- WHAT IS NEEDED:
When the data below is printed, every line must match exactly and the images must be absent.

- DATA PROVIDED:
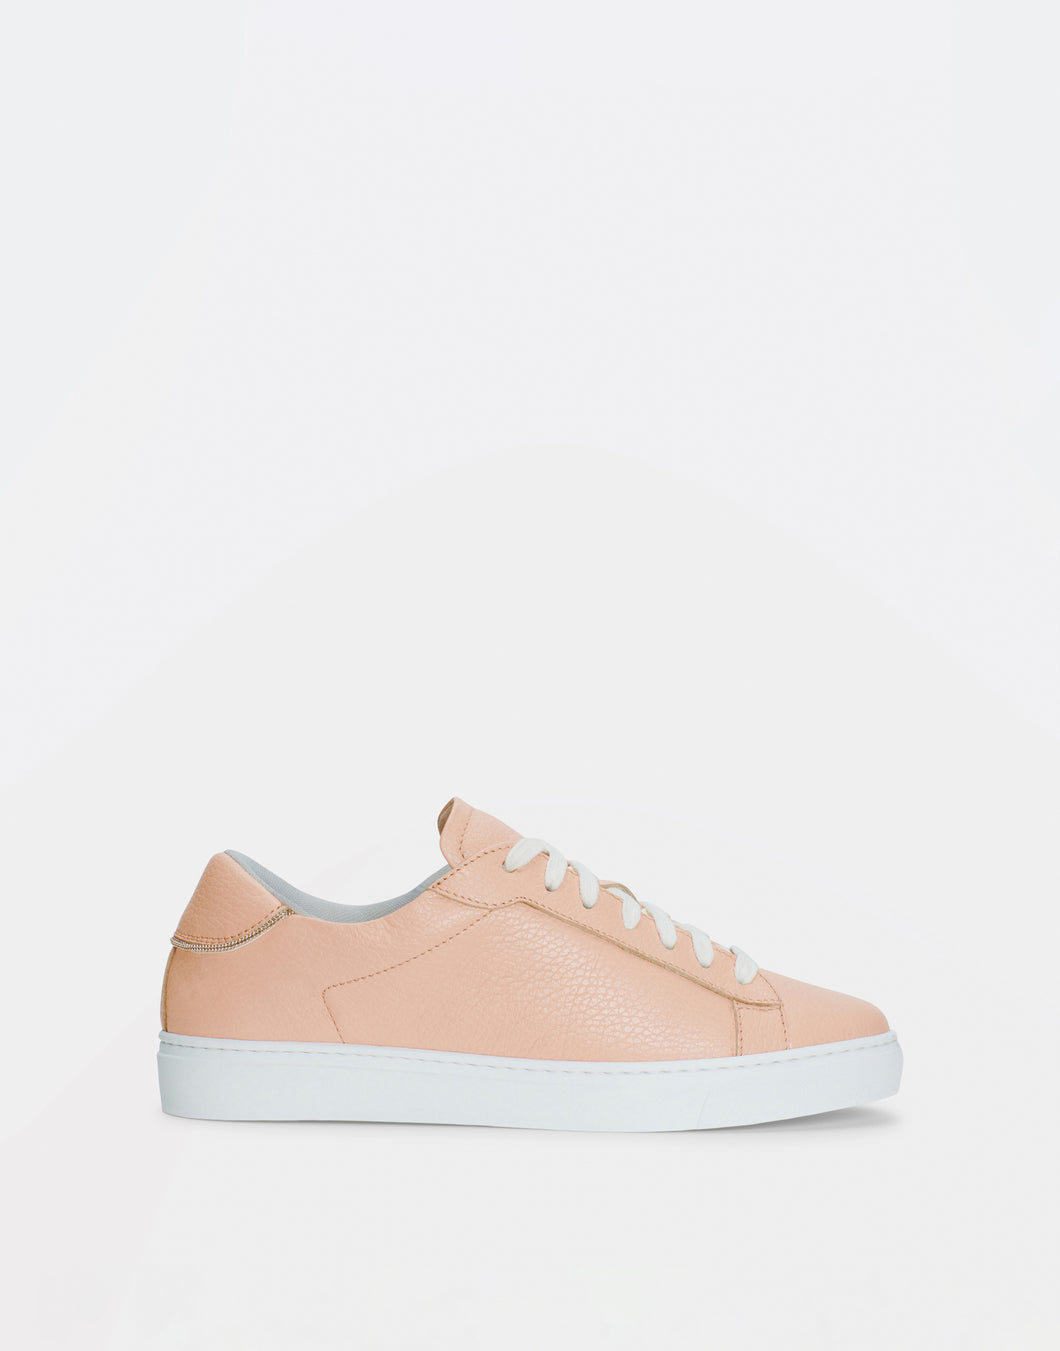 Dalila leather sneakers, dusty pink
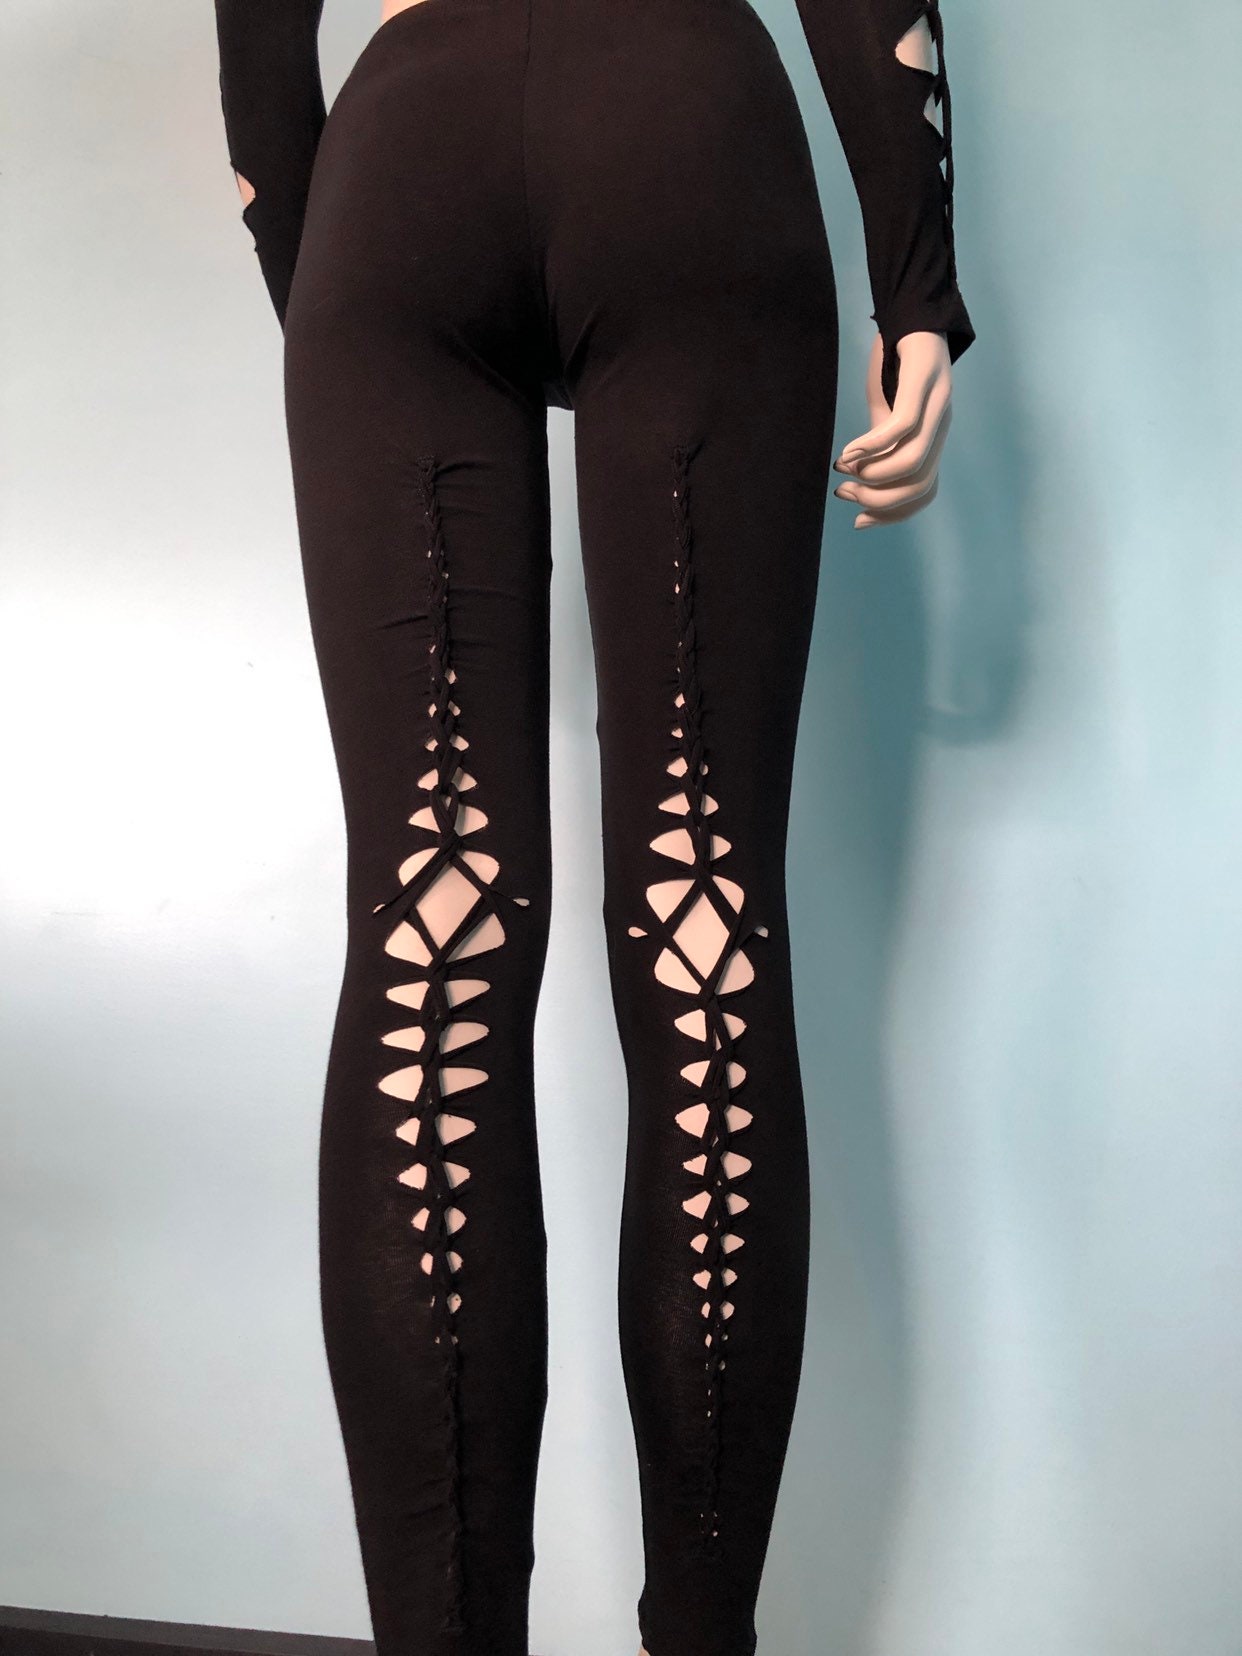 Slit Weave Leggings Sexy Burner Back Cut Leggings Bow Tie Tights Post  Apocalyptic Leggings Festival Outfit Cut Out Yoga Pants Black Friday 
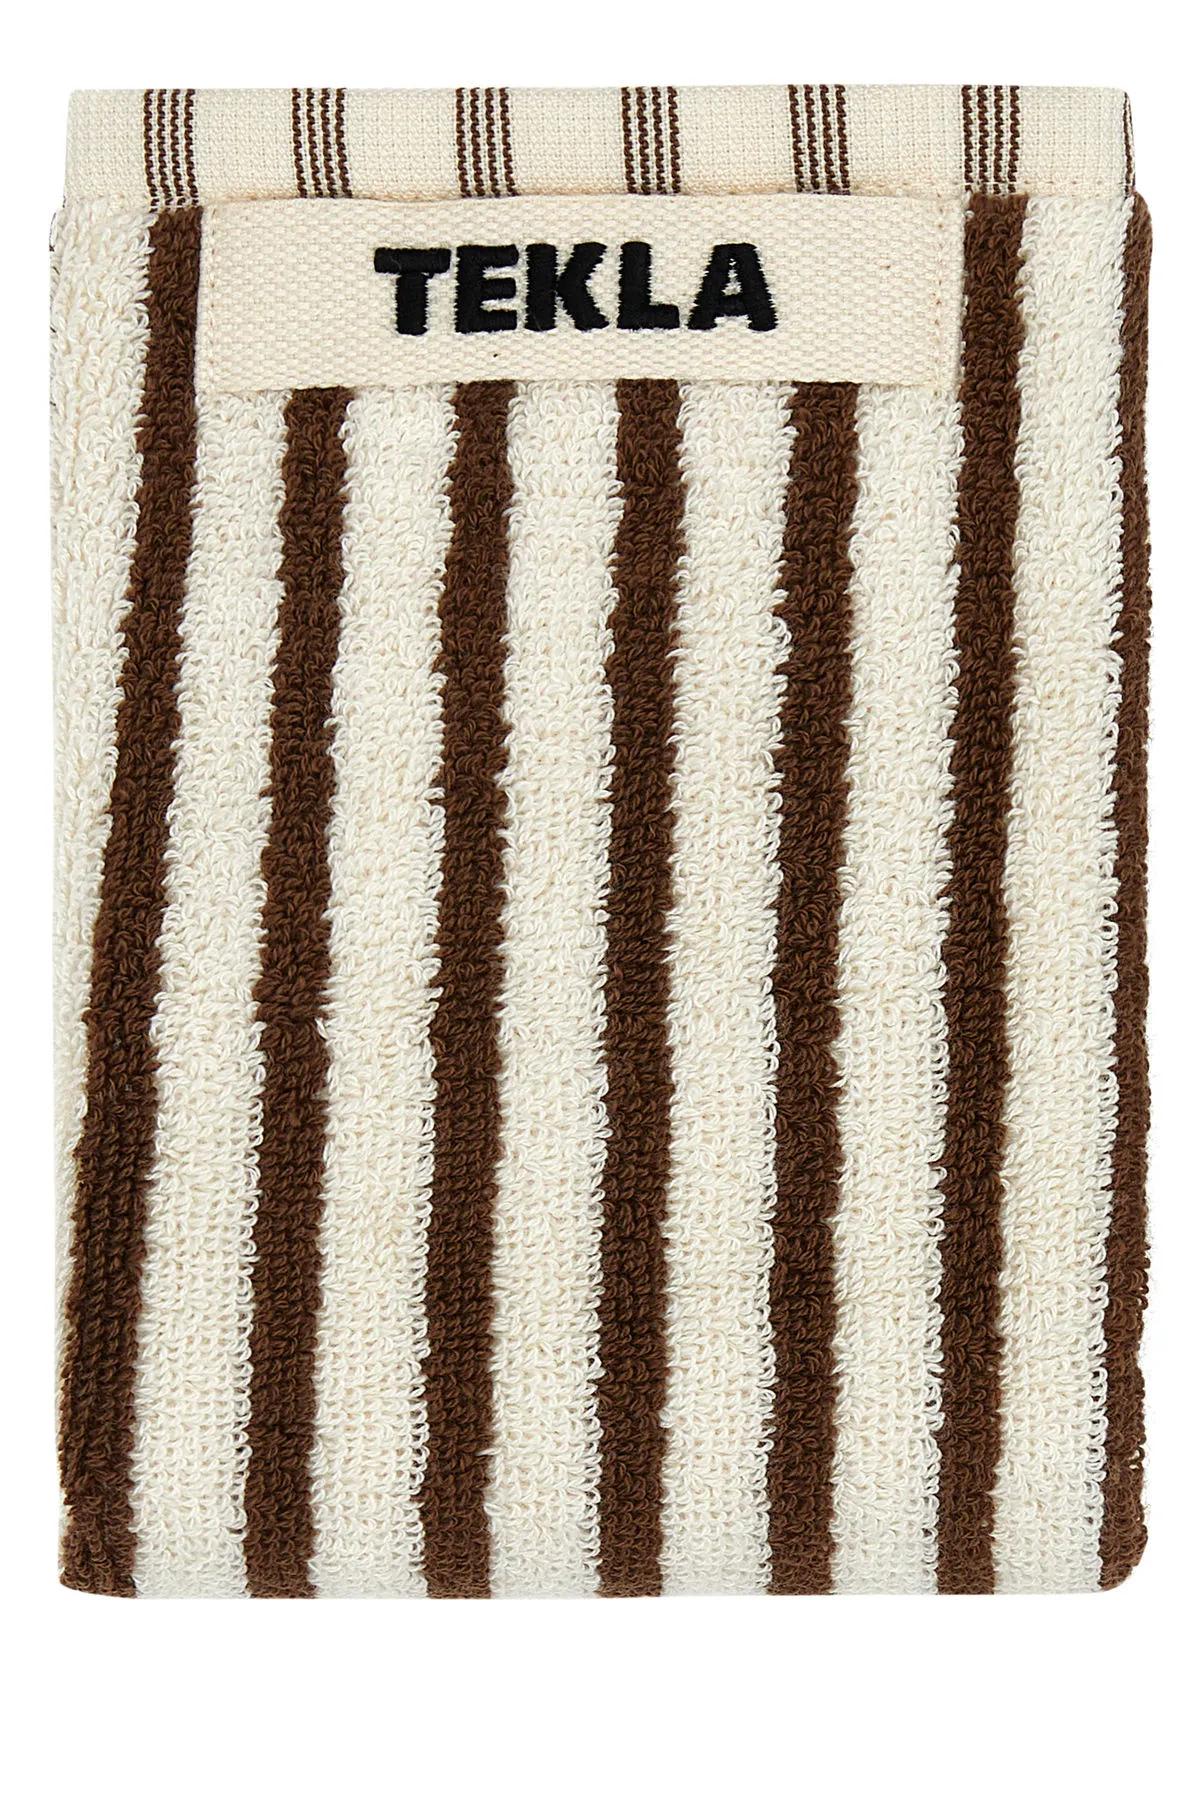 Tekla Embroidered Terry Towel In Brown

- THE COMPLETED TASK:
 Dalila leather sneakers, dusty pink
 Slit Weave Leggings Sexy Burner Back Cut Leggings Bow Tie Tights Post  Apocalyptic Leggings Festival Outfit Cut Out Yoga Pants Black Friday 
 Tekla Embroidered Terry Towel In Brown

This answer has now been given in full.